Hoch konzentriert gingen die HSV-Spielerinnen in das Match und schienen Brandenburg überrollen zu wollen. Nach nur vier Minuten hieß es 5:0 für Falkensee, ehe die Mädchen aus der Havelstadt zu ihrem ersten Treffer kamen. Doch Torhüterin Hannah Waldburger verhinderte mit einigen hervorragenden Paraden, dass Brandenburg ins Spiel kam und die HSV-Spielerinnen zogen konsequent ihr aggressives und ballorientiertes Spiel durch. So starteten sie mit einem deutlichen 13:4-Sieg verheißungsvoll in das Turnier.

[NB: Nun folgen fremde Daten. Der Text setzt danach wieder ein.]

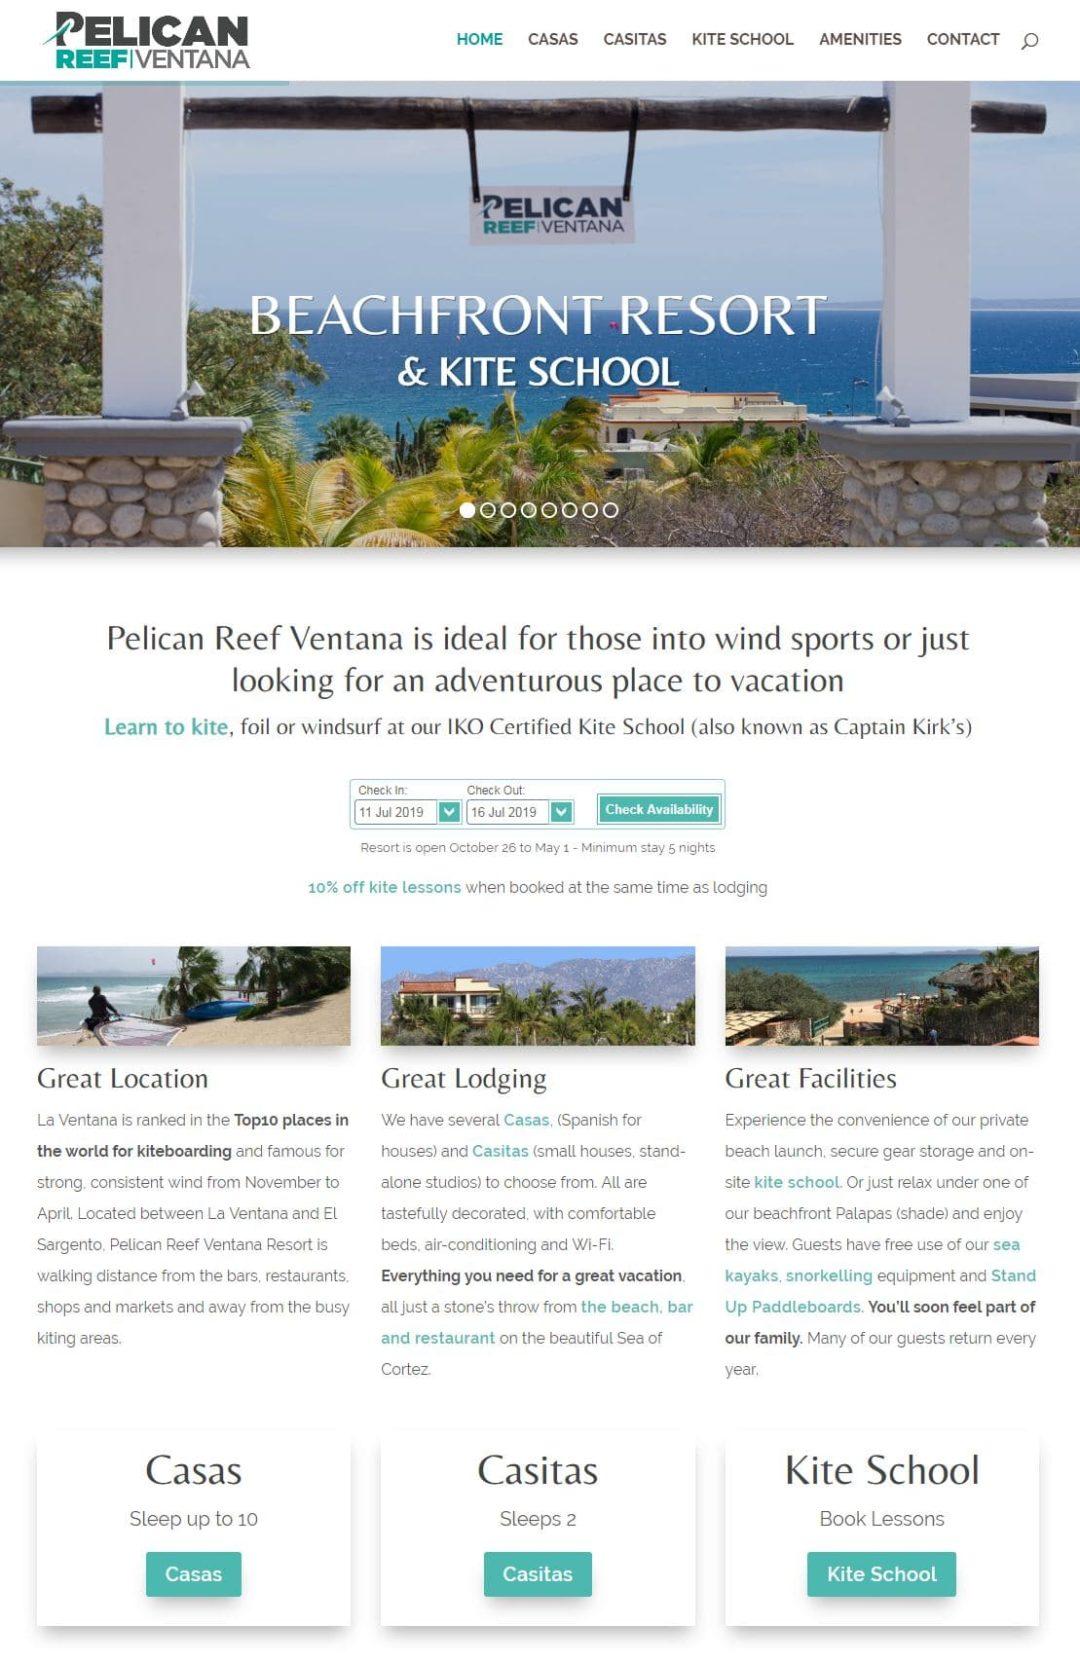 Pelican Reef Ventana

Im zweiten Spiel nahmen die Falkenseer Mädchen den Schwung mit und ließen dem LHC Cottbus nicht den Hauch einer Chance. Bereits zur Halbzeit lag das HSV-Team mit sieben Toren in Führung. Auch als der Falkenseer Trainer wechselte und die neuen und unerfahrenen Spielerinnen brachte, ging das muntere Torewerfen weiter. Am Ende hieß es 23:2 für Falkensee. Ein 15:7-Sieg gegen den Oranienburger HC rundete die hervorragende Vorrunde ab und bescherte den Gartenstädterinnen den Halbfinaleinzug. Dort trafen sie auf Rot-Weiß Werneuchen, das sich in der anderen Gruppe gegen Doberlug-Kirchhain durchgesetzt hatte. In der ersten Halbzeit hielt Werneuchen noch recht gut mit, um letztendlich doch deutlich das Nachsehen zu haben.

Im Finale trafen dann die beiden ungeschlagenen Teams vom Frankfurter HC und dem HSV Falkensee aufeinander. Alle waren sich einig, dass die beiden besten Mannschaften völlig verdient in diesem Endspiel standen. Es sollte auch die spannendste und dramatischste Partie des gesamten Turniers werden. Kein Team konnte sich absetzen, einer Führung folgte stets der Ausgleich. Die Mädchen beider Teams gingen angesichts der hohen Temperaturen an ihre körperlichen Grenzen. Sowohl zur Halbzeit als auch zum Ende des Spiels stand es unentschieden. Entsprechend der Turnierregeln musste die Entscheidung ohne Verlängerung, sondern gleich im Siebenmeterwerfen fallen. Jeweils drei Spielerinnen gingen an den „Punkt“ und die Mädchen aus Frankfurt waren am Ende die glücklicheren.

Nachdem die erste Enttäuschung verarbeitet war, konnten sich aber auch die Falkenseer Spielerinnen über die Silbermedaillen freuen. Der Trainer und die zahlreich mitgereisten Eltern und Fans waren sehr stolz auf das Team, aus dem neun Spielerinnen in der kommenden Saison in die höhere Altersklasse der D-Jugend aufrücken werden.